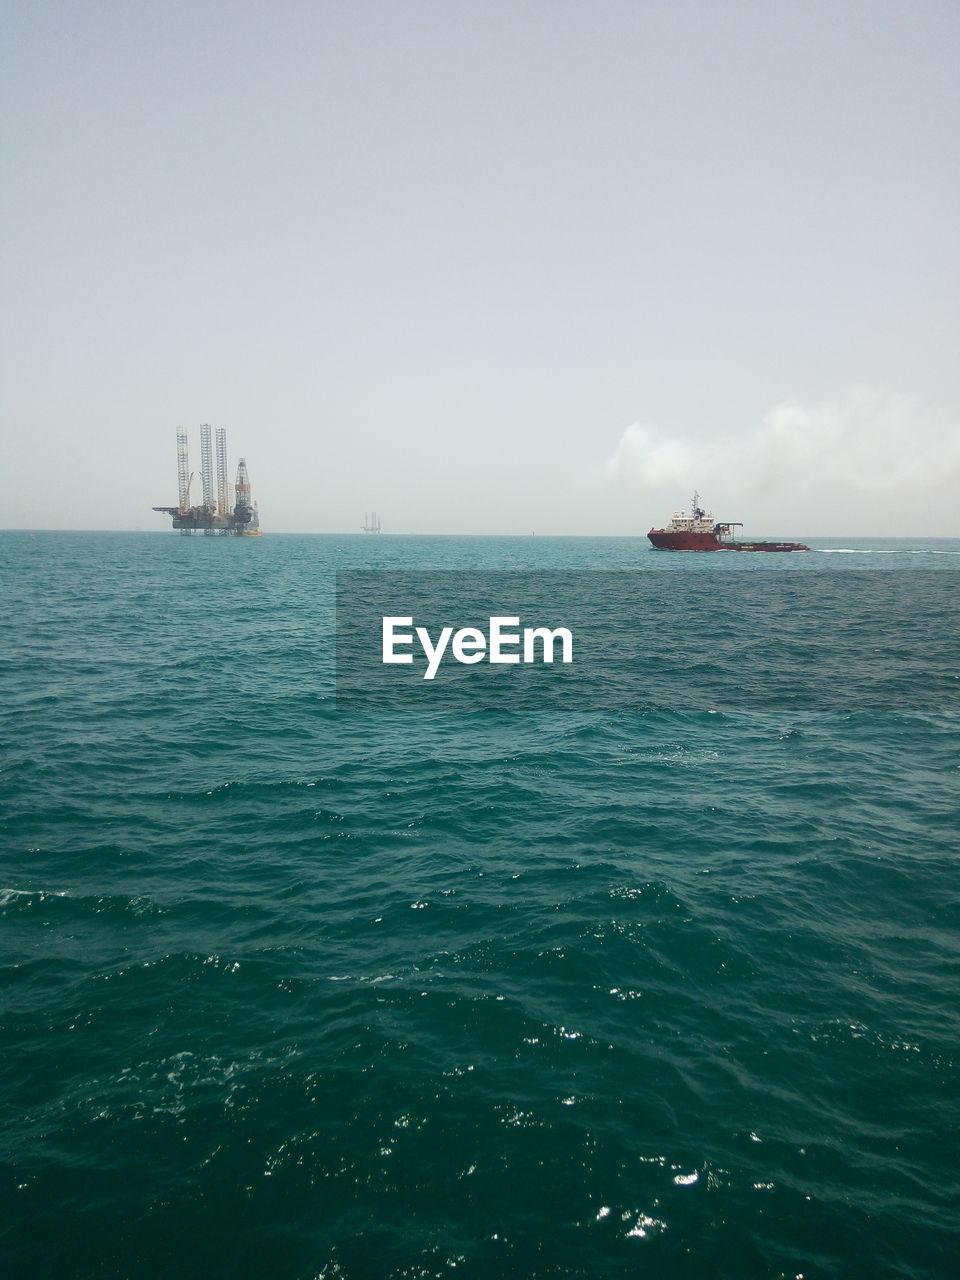 SHIP SAILING ON SEA AGAINST CLEAR SKY
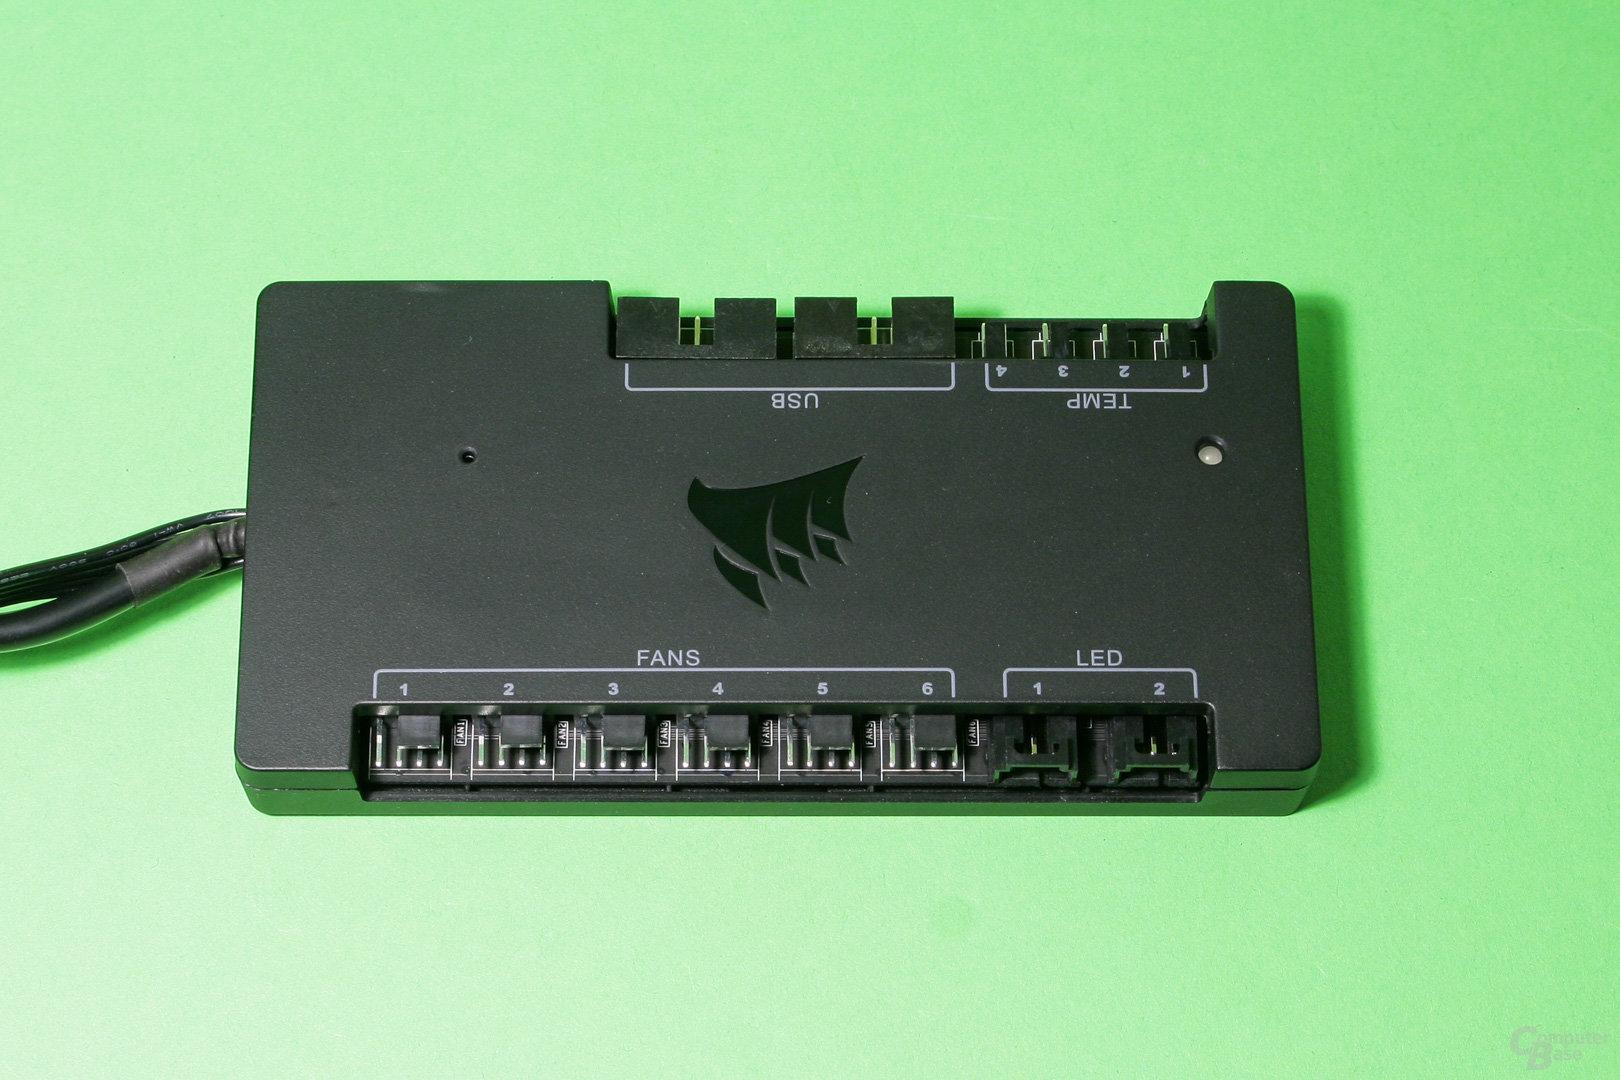 Corsair Commander Pro: Sechs Lüfteranschlüsse und zwei RGB-LED-Anschlüsse
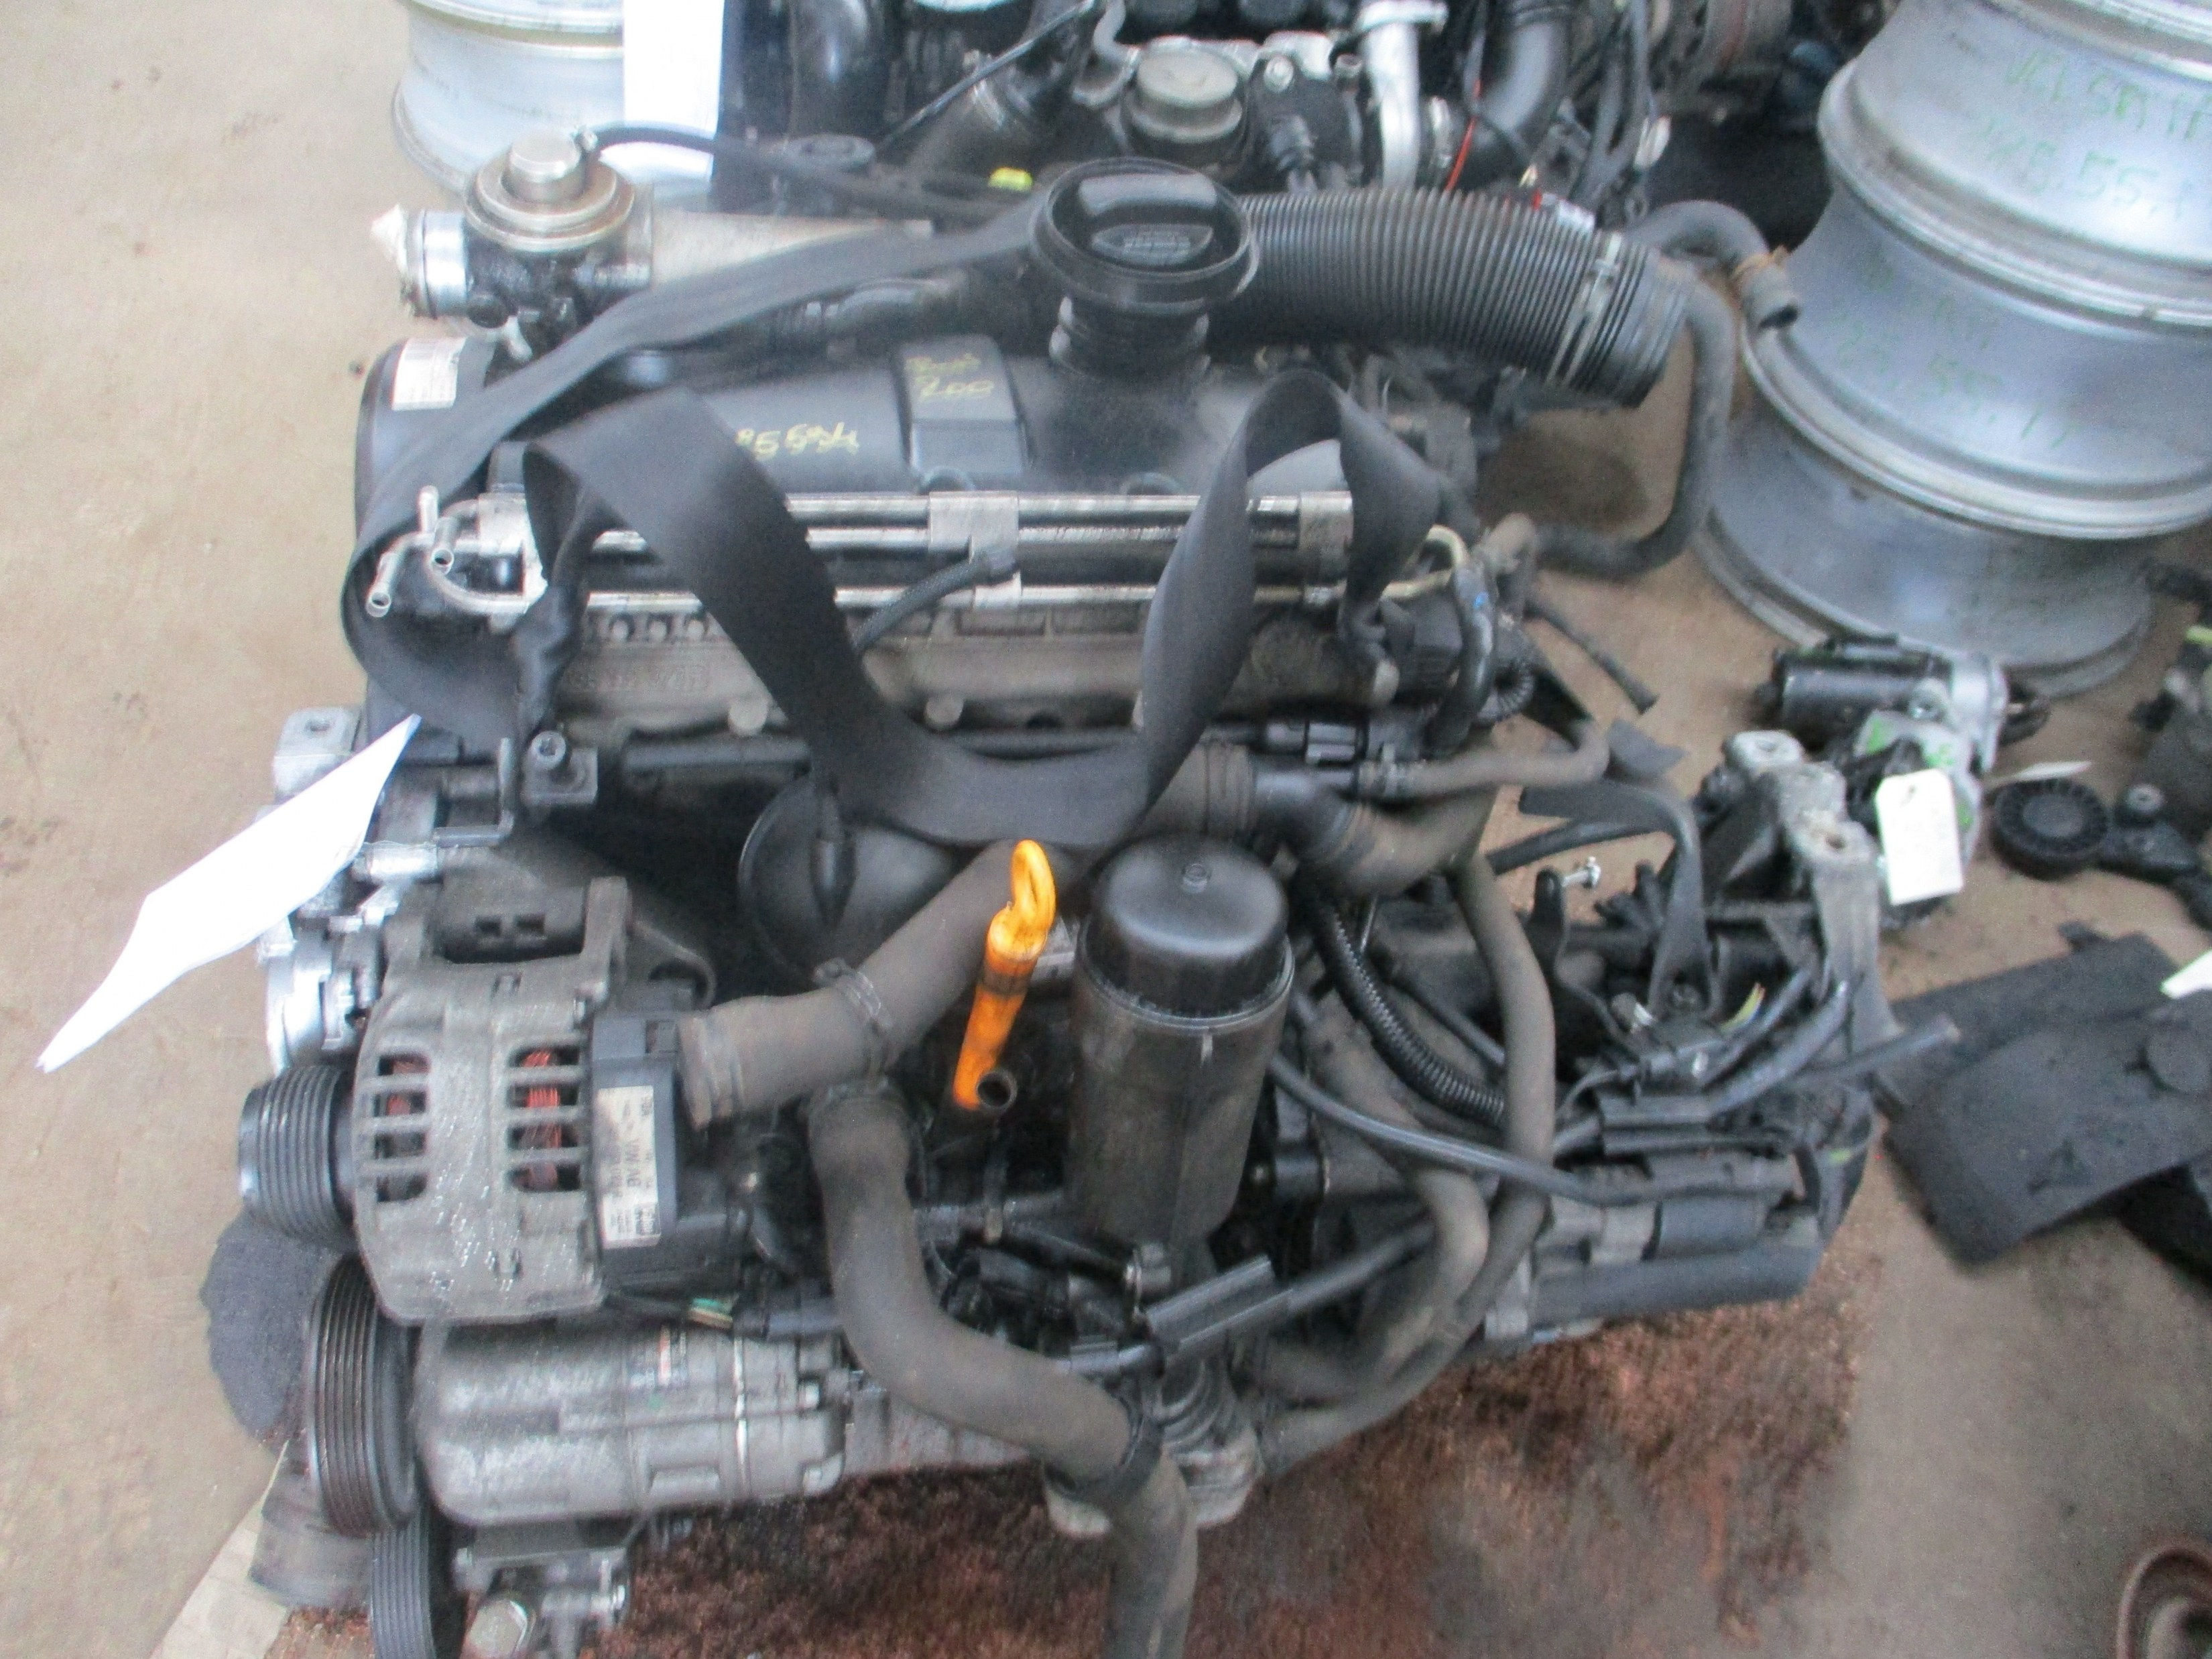 MOTEUR TWINGO II 1500 DCI 64 CV

- [YOUR OBJECTIVE] Only an exact copy of the lines from the one with "Corsair Commander Pro: Sechs" through the last line of the data above is wanted, and no pictures.

- [ANSWER TO THIS EXERCISE]
 Corsair Commander Pro: Sechs Lüfteranschlüsse und zwei RGB-LED-Anschlüsse
 MOTEUR TWINGO II 1500 DCI 64 CV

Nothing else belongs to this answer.